The problem:
Everything from the line with "Thorsteins saga, e-bog af Marianne Gade" to the end of the data below, both lines included, should be transcribed exactly; please omit the pictures.

Exercise data:
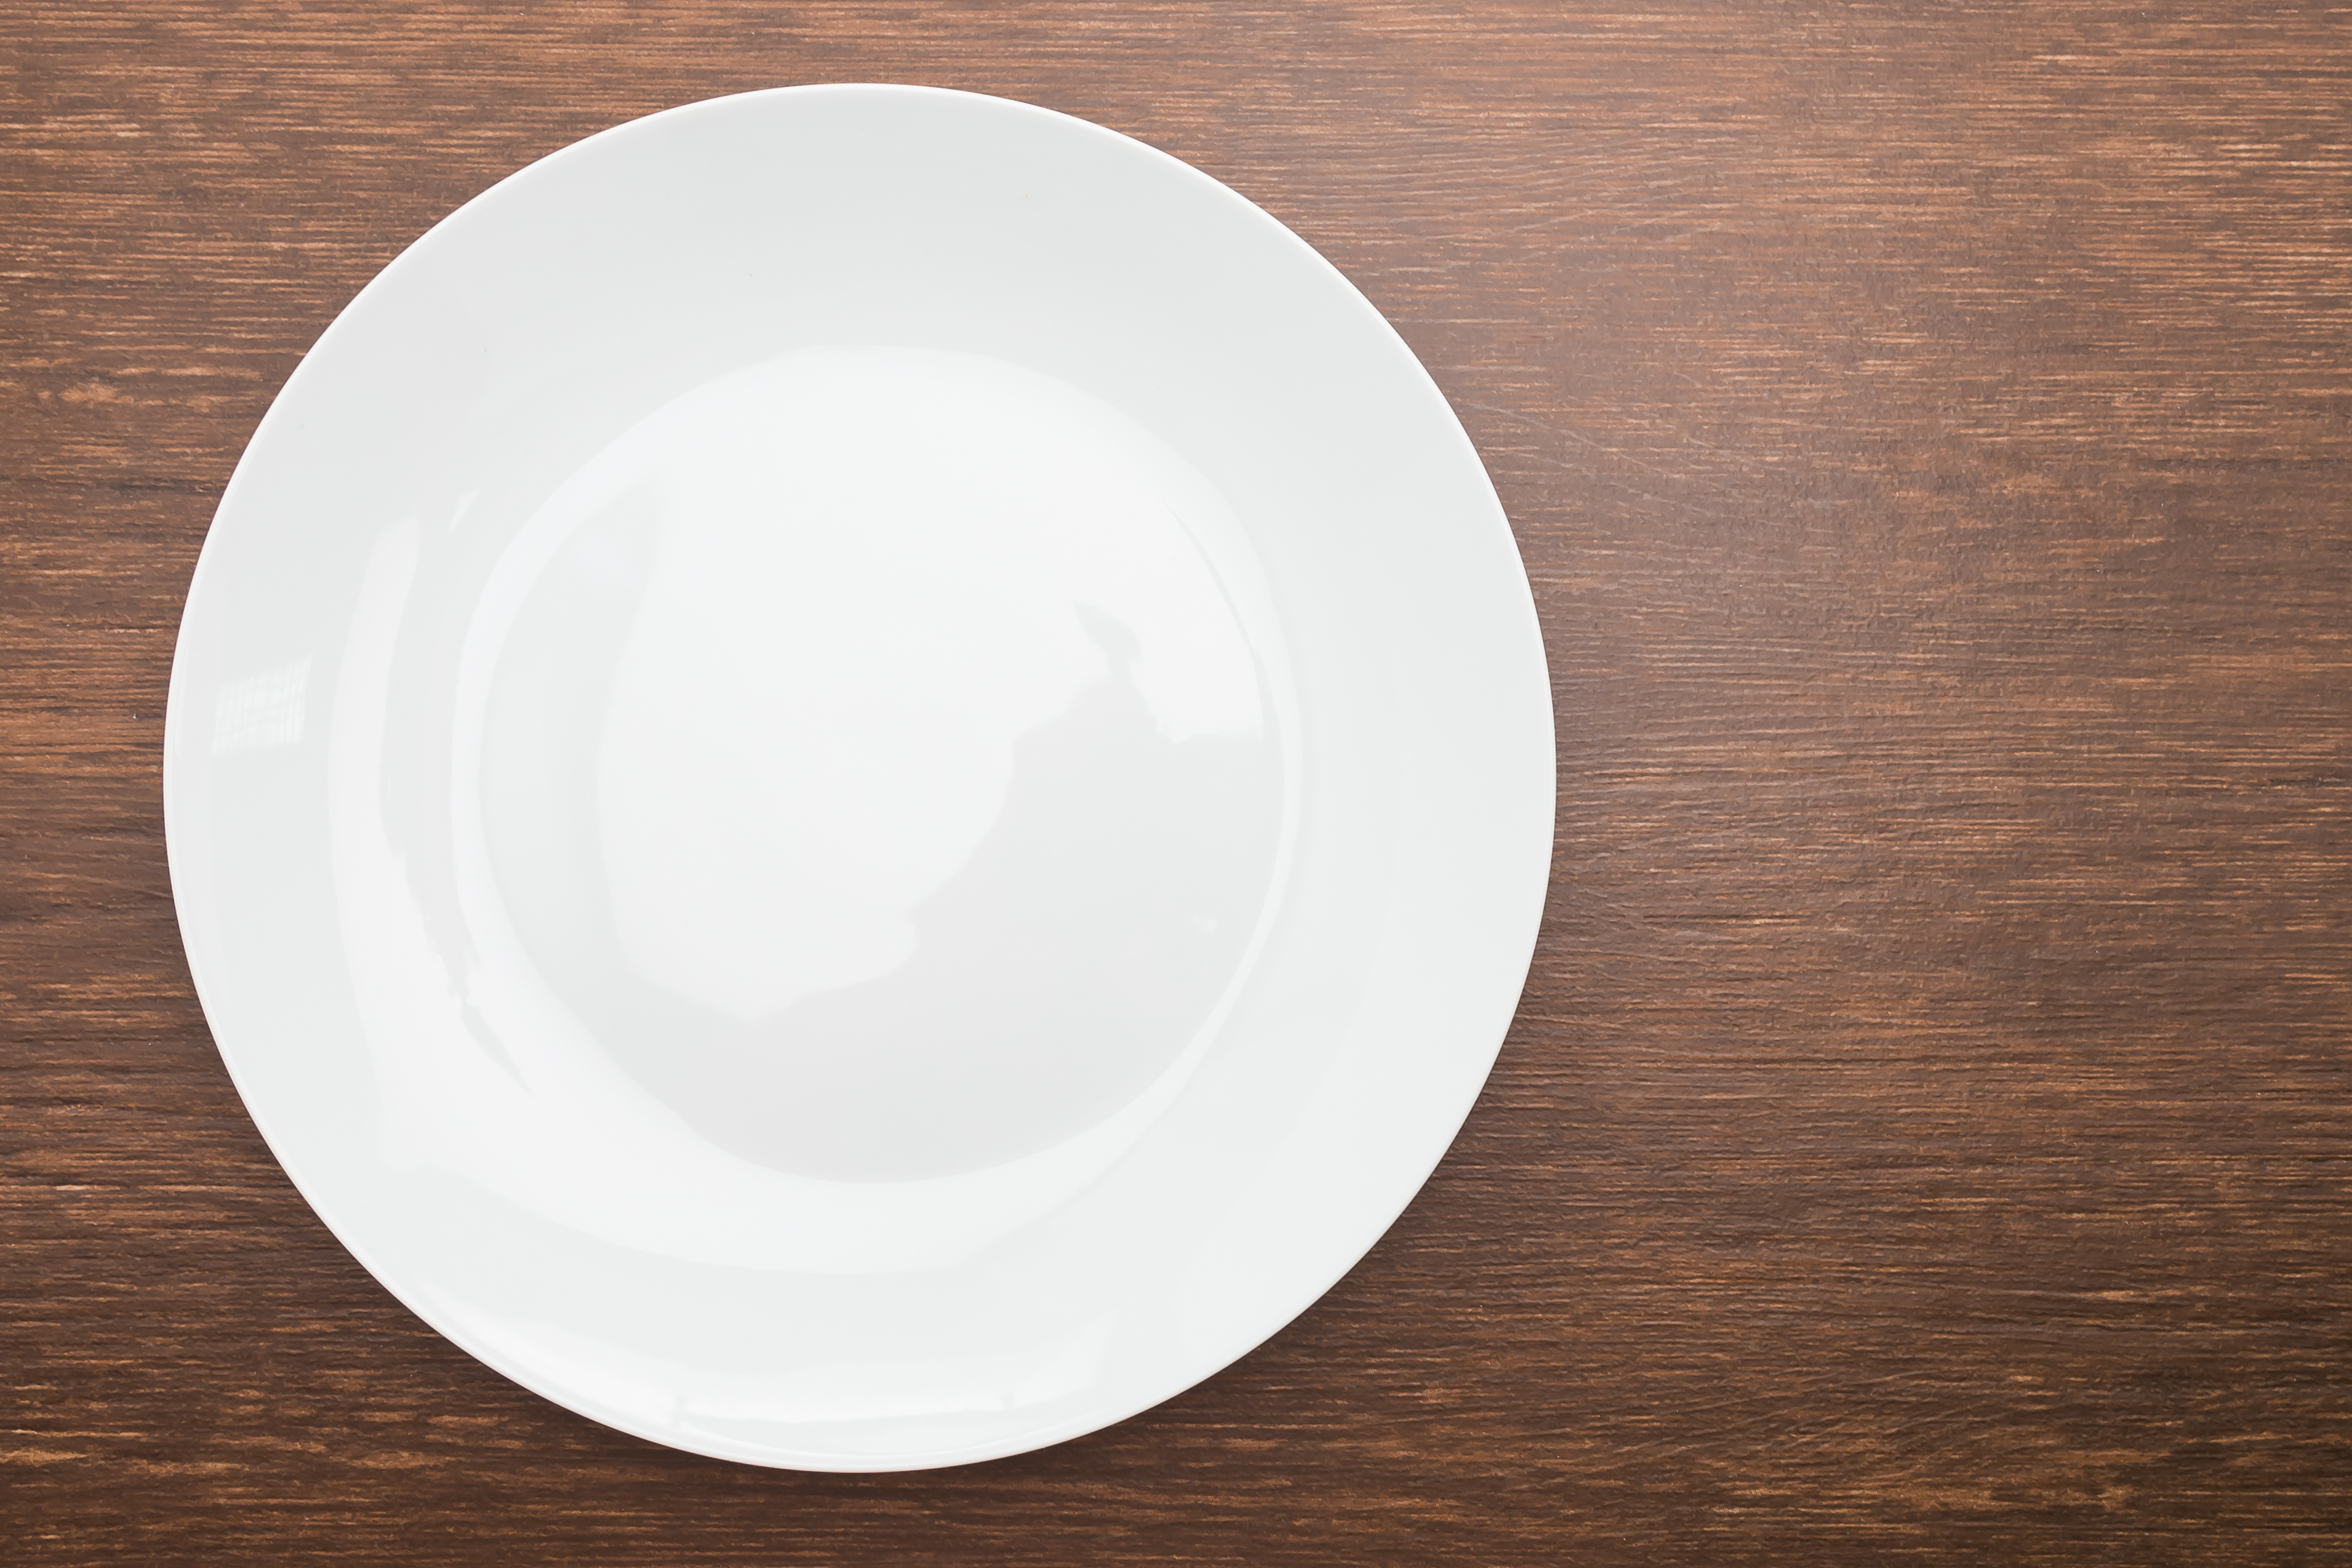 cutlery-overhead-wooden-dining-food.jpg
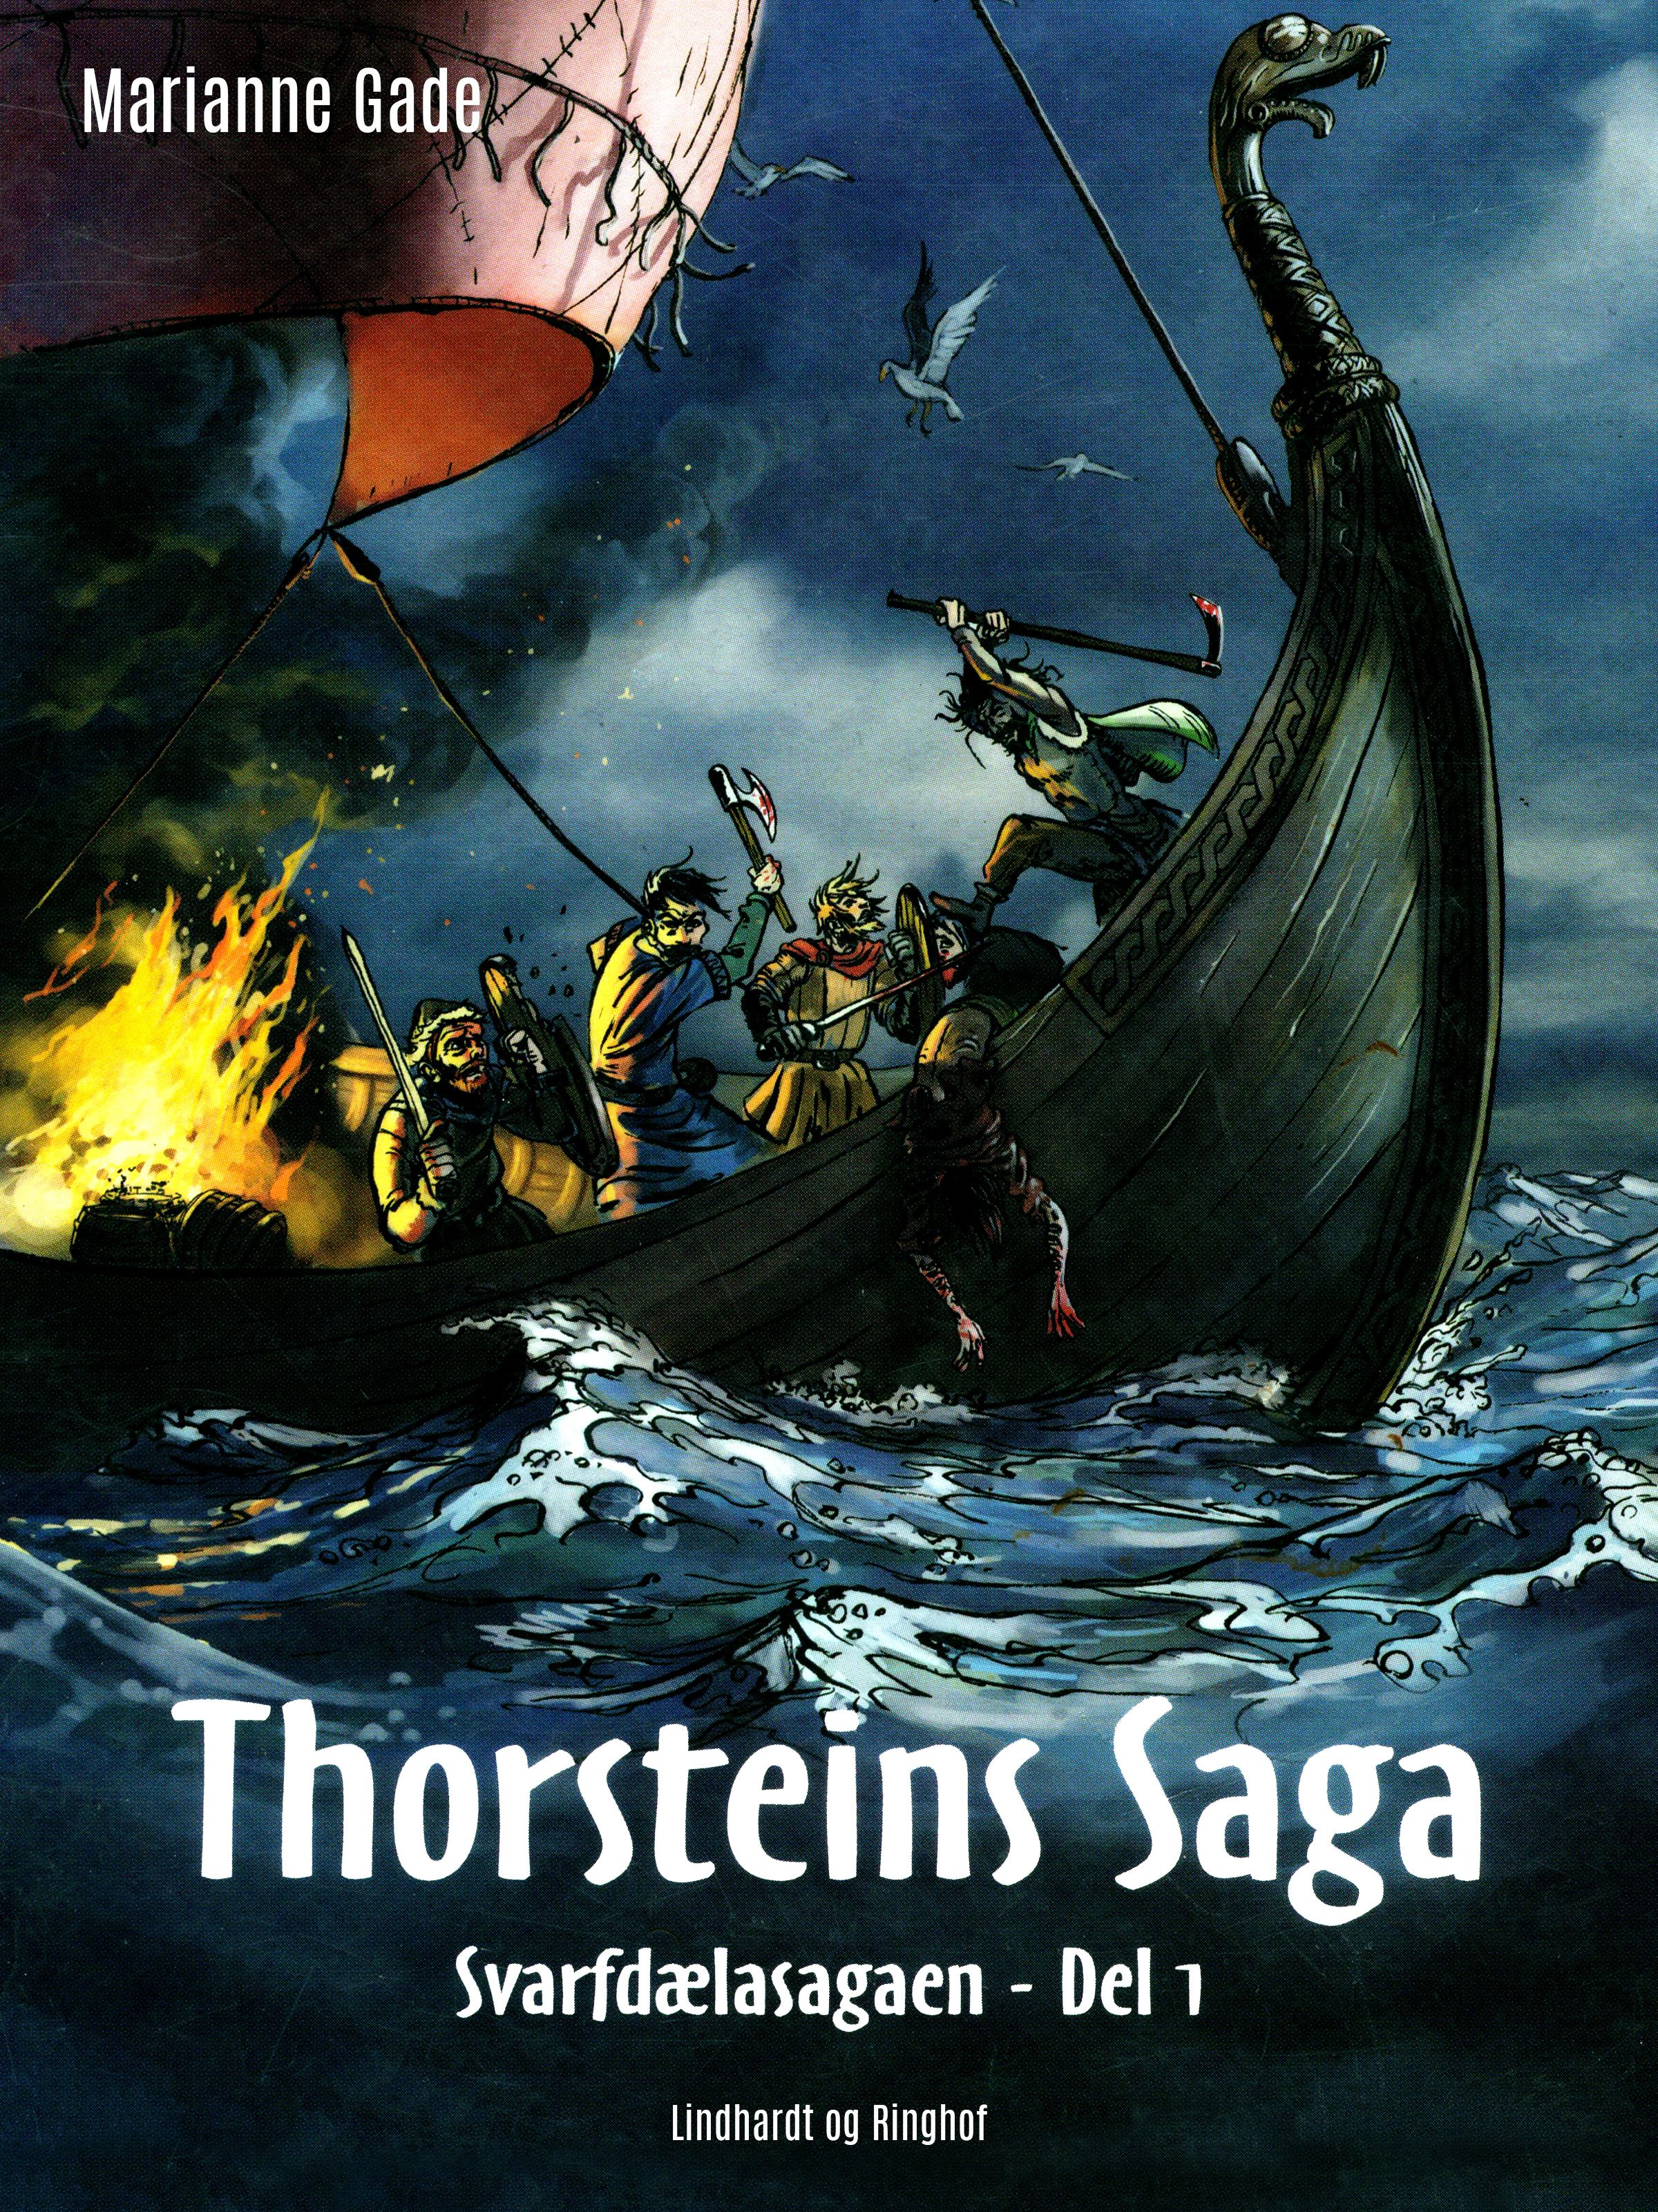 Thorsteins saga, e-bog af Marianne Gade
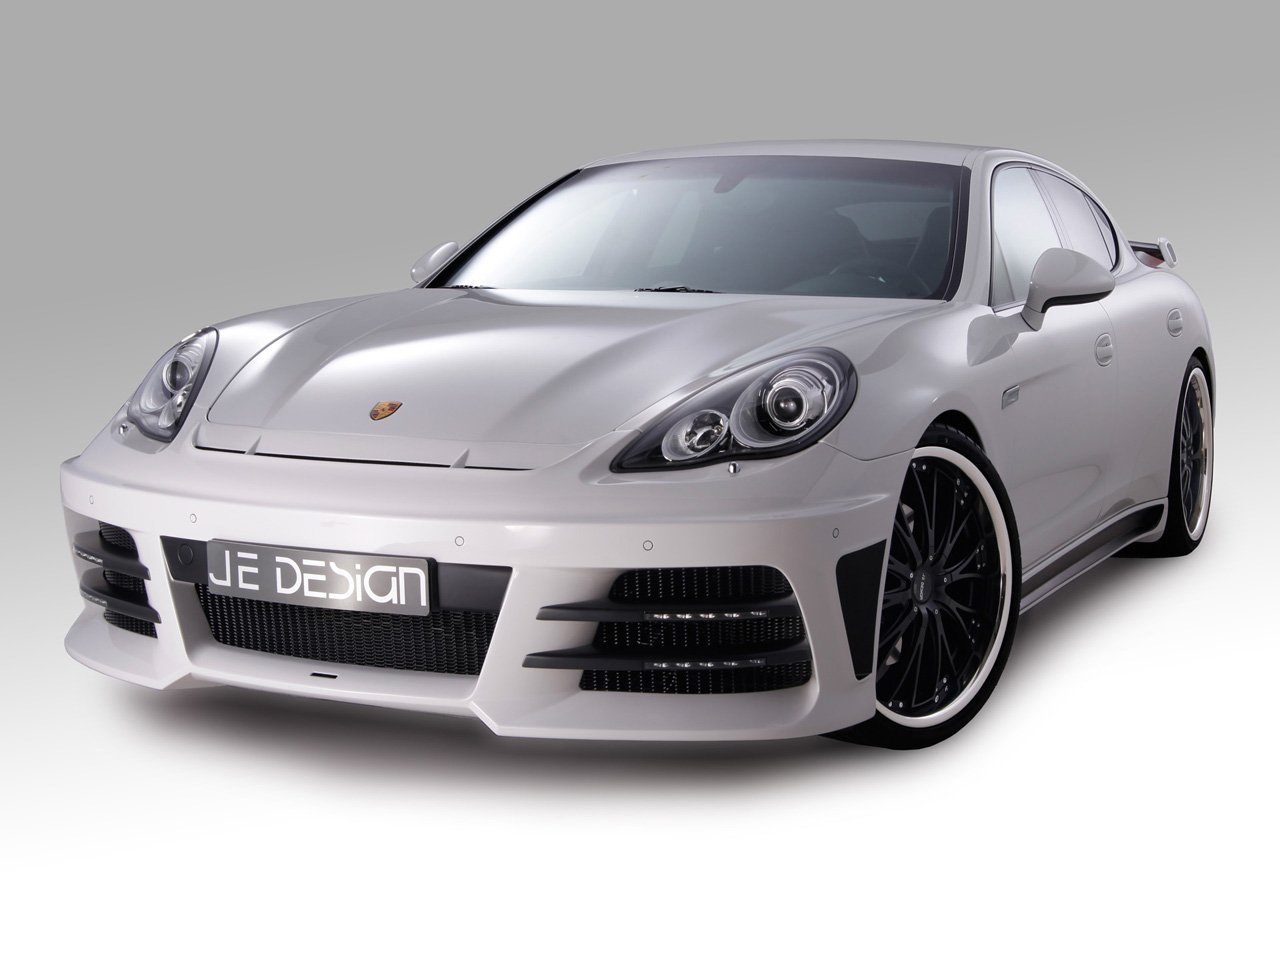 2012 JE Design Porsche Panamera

Problem solution:
 Thorsteins saga, e-bog af Marianne Gade
 2012 JE Design Porsche Panamera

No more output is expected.